* **What you are asked to do**:
Only the lines from the one with "怪しげなファンファーレ 金管のみの未再生の波形" through the final line below belong in the answer, copied exactly and without pictures.

* **Dataset extract**:
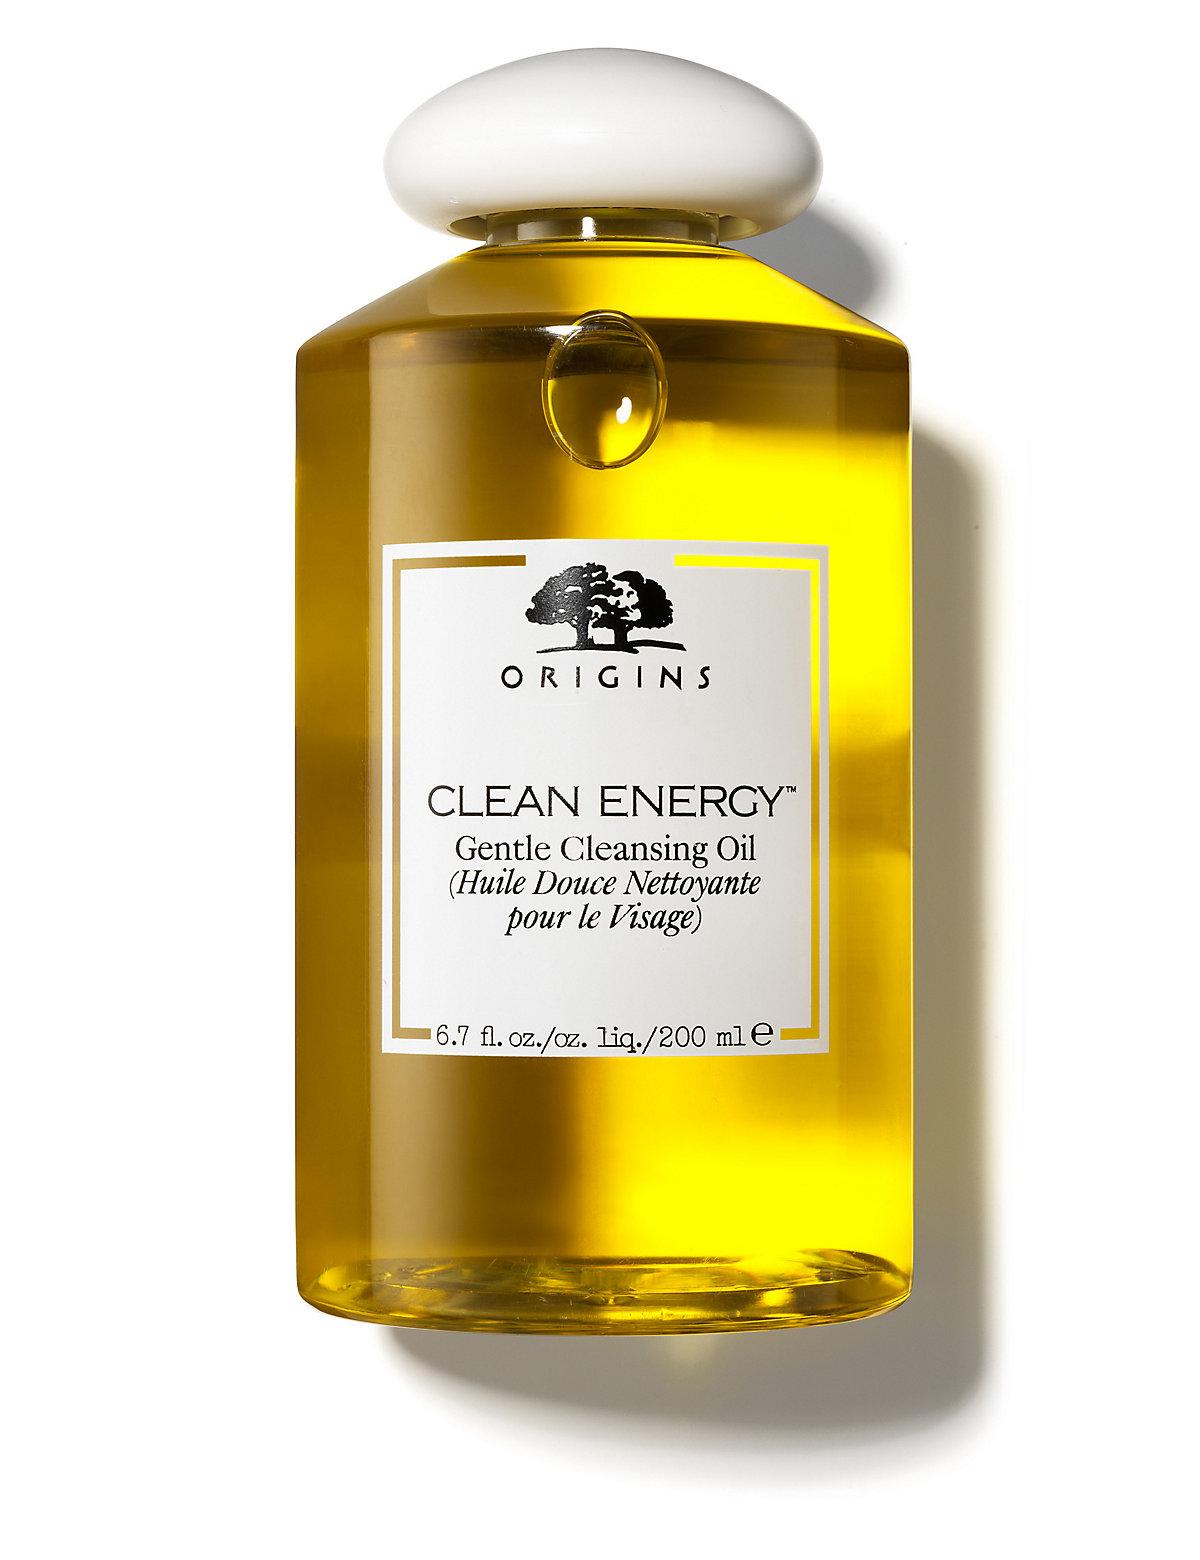 Origins Clean Energy Gentle Cleansing Oil 200ml
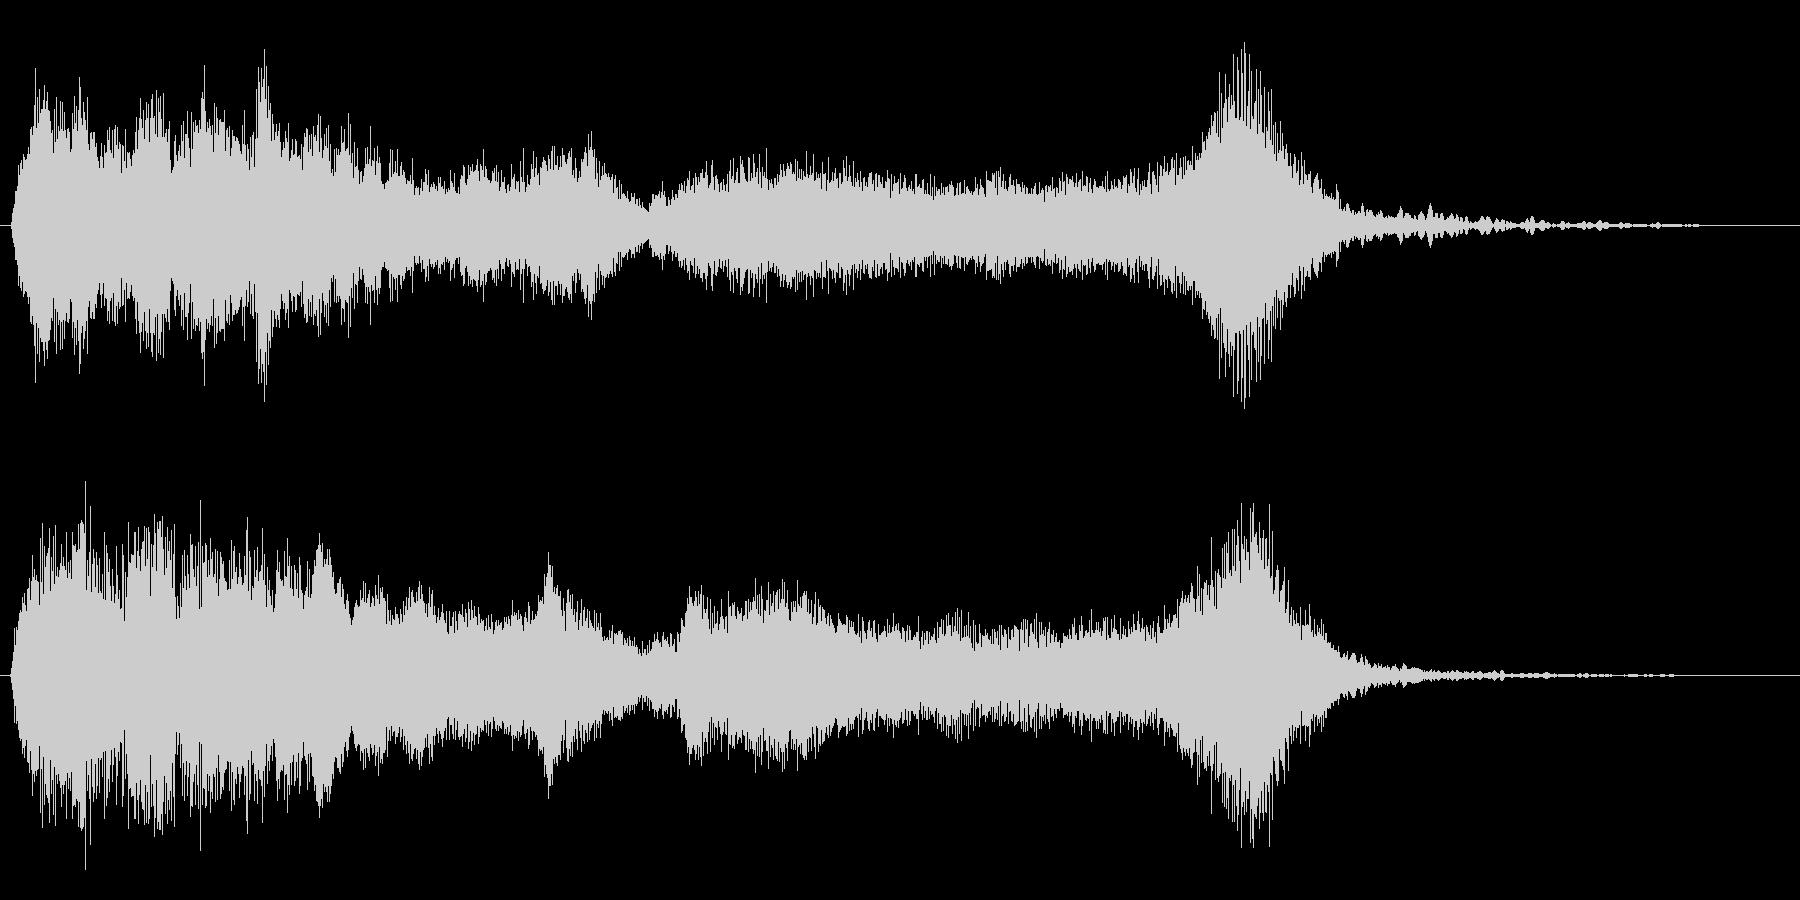 怪しげなファンファーレ 金管のみの未再生の波形
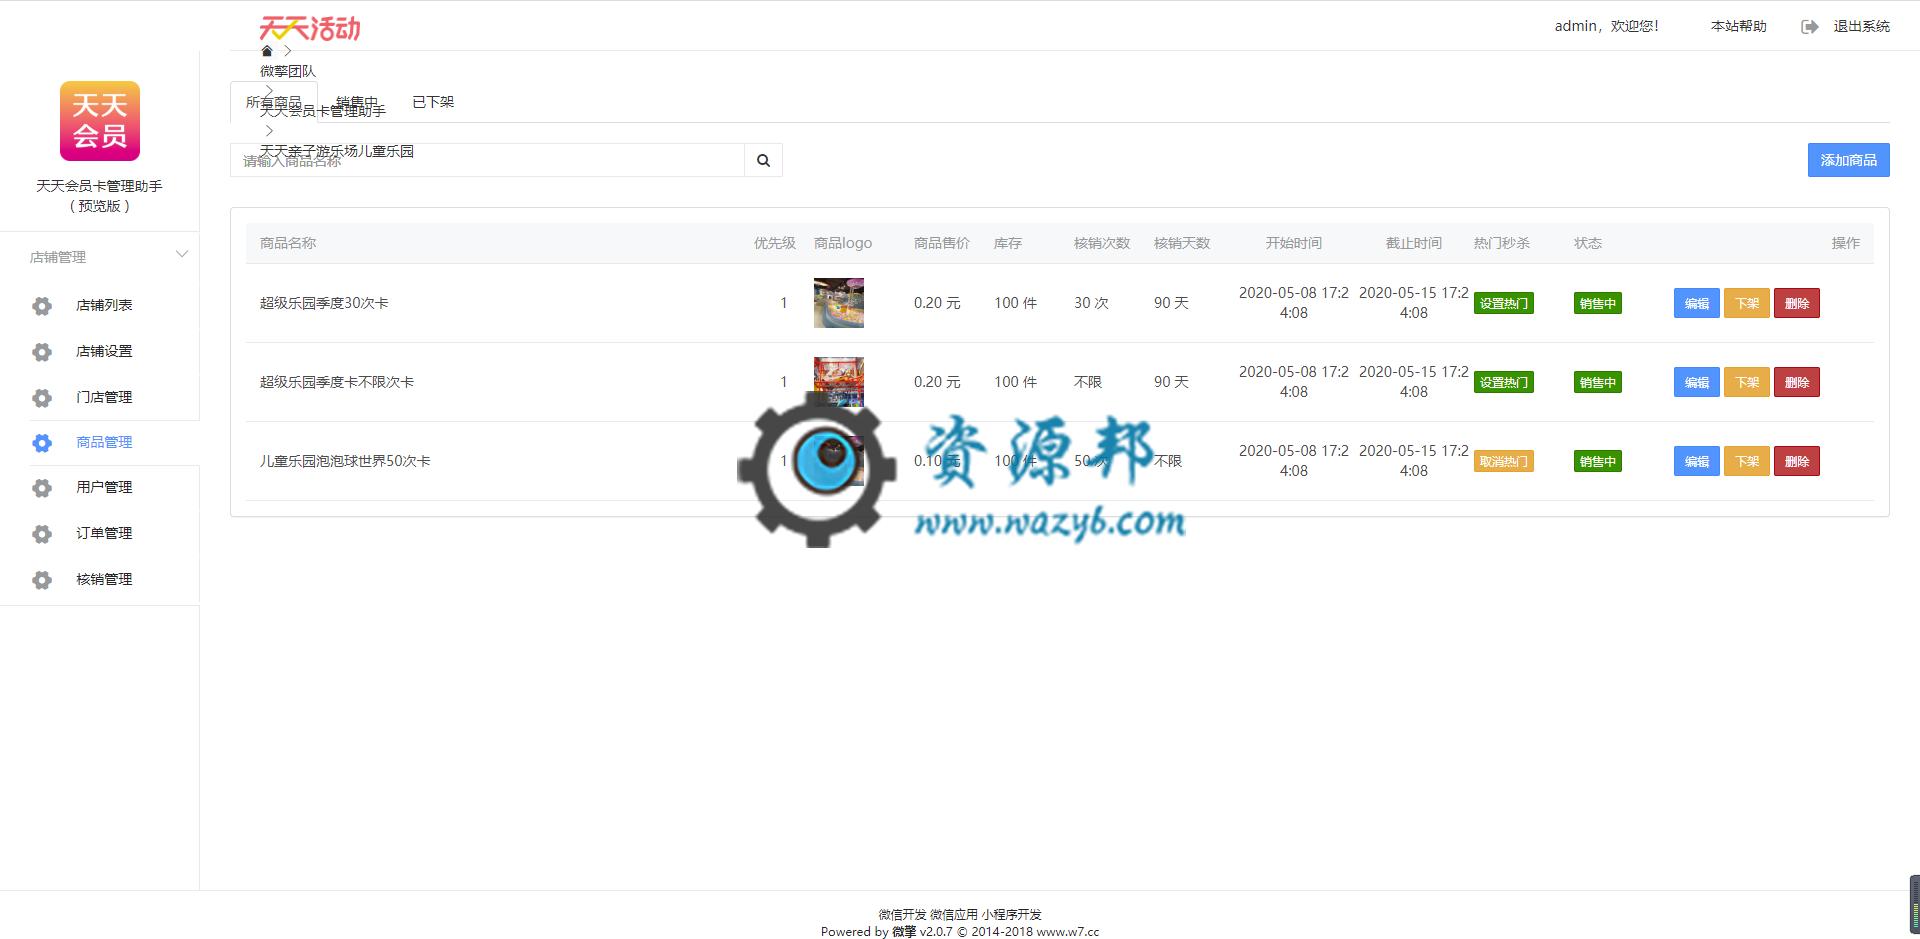 【公众号应用】天天会员卡管理助手V1.0.2,增加商品展示优先级 公众号应用 第4张

* **Exercise output**:
 怪しげなファンファーレ 金管のみの未再生の波形
 【公众号应用】天天会员卡管理助手V1.0.2,增加商品展示优先级 公众号应用 第4张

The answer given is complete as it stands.